Today I was googling around, seeing if there was any new reviews on my book, Allegedly, and I found an interesting forum thread, that was started way back when the allegations first came up in Woman’s Day and A Current Affair.

Back in the day, these kinds of forums really tore me up. So many people discussing my life, which I accept is part of going public. There were so many judgements, name calling, and in the case of this thread, people getting pretty stroppy with one another. Back then, being in the center of it, I mainly noticed the negative comments. Today, six years later, I can read these, and see all the positive ones. I can even laugh at the douchebag who said that I was an actress, and therefor, anything I say or do must be a lie. I guess one of the main things I’ve learnt over the last few years is that a person’s opinion shows more about them than it does about me.

Sometimes when I come across these old threads, I wonder if the people who wrote them ever look back on the things they wrote back then? Do they look back and wonder what they were thinking at the time? Do the ones who stood up for me feel glad that it did go to court, and justice was served? I hope they feel proud they stood up for someone else. I also wonder if the ones who think that anyone who speaks up publicly are only after money and fame have since experienced something in their life that could teach them some empathy, or if they are still the sad, closed minded people they were back then?

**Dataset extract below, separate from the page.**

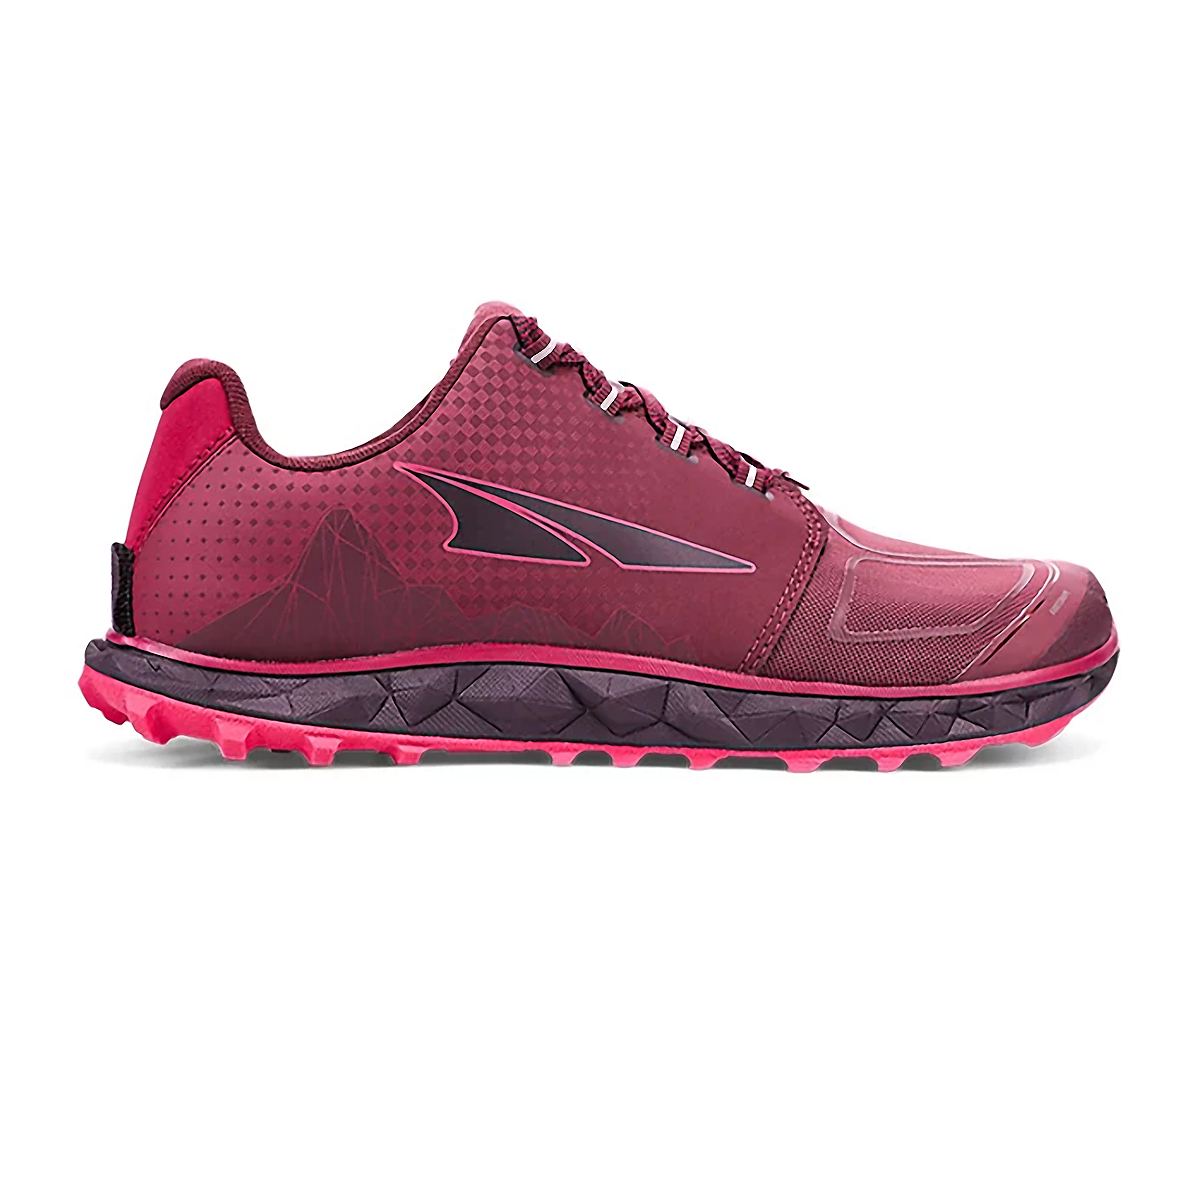 Women's Altra Superior 4.5 Trail Running Shoe - Color: Black/Pink - Size: 6 - Width: Regular, Black/Pink, large, image 1

Either way, I’m glad I am at the point that I can see these things, and it no longer upsets me. As shitty as the whole process was, I’m glad I did it. I’m even more happy that I was given the opportunity to write Allegedly, and share MY story. The one that wasn’t told in the media. Even better, I love all the messages I have received since, from people who have read it. Before writing it, I knew that many of us had shared journeys. So many of us had experienced the same things, but because of the silence surrounding abuse, we didn’t share it, and we didn’t know how similar we all are. I have so many people telling me that they experienced similar things, similar journeys, whether it be a parent that ignored them and the abuse, or the feelings of loneliness, or the doubts of others. We are all so much more similar than we ever thought, and that is comforting. We aren’t alone. We have others who can understand us, who know what we’ve been through, and who we can talk to.

I hope one day you’ll be able to look back at things that were painful, and no longer feel that sadness. That you know that others are here for you. That I am here for you. That time really does heal all wounds.

Most of all, whatever you’re going through, ignore the douchebags who say shit about you. You know the truth, and in time, they will too.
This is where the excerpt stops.